Salesforce also introduced a new metric for its agent products: agent work units (“AWU”). The idea here is that instead of just counting “tokens”—the standard unit of AI processing volume—AWU is trying to measure something more meaningful: whether an agent actually completed a task. (Salesforce recorded 19 trillion tokens last quarter, which sounds like a lot, but really is not in the world of artificial intelligence.)
“You can ask him a question and he can write you a poem, but that’s not really that valuable in the business world,” Salesforce president and CMO Patrick Stokes said on the call. Thus, AWU is intended to count when the agent writes to a file or does some other verifiable task.

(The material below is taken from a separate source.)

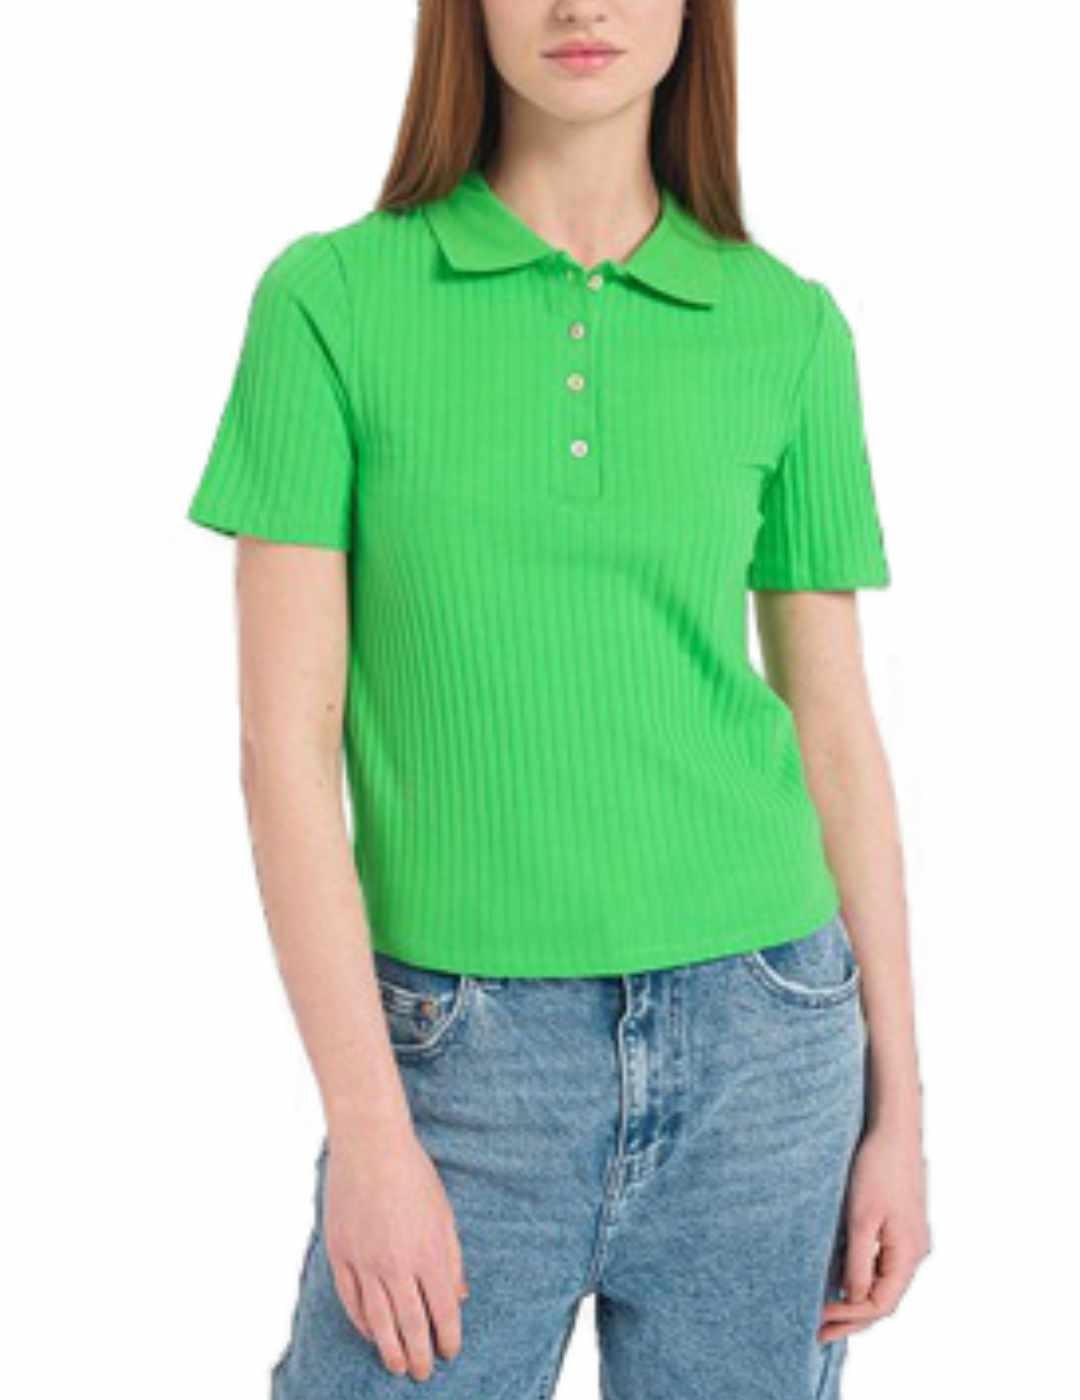  Polo Only Elsa  en color verde manga corta para mujer

In addition, Salesforce also presented its own architectural vision for the coming world of agents. It shows the SaaS software as it is owning most of the tech stackwith AI model makers at the bottom as invisible, interchangeable and commoditized labor machines.
This was a direct counter to one of the causes of a SaaSpocalypse selloff earlier this month after OpenAI released its enterprise agent, Frontier. OpenAI’s architectural vision shows that OpenAI owns most of the stack, with SaaS providers’ systems of record (the databases and business software platforms where companies store their core data) at the bottom like the invisible machines.
And if all that wasn’t enough to sway investors: Benioff was dressed in a black leather jacket, echoing the signature of the CEO who’s clearly crushing it in the AI world: Nvidia’s Jensen Huang.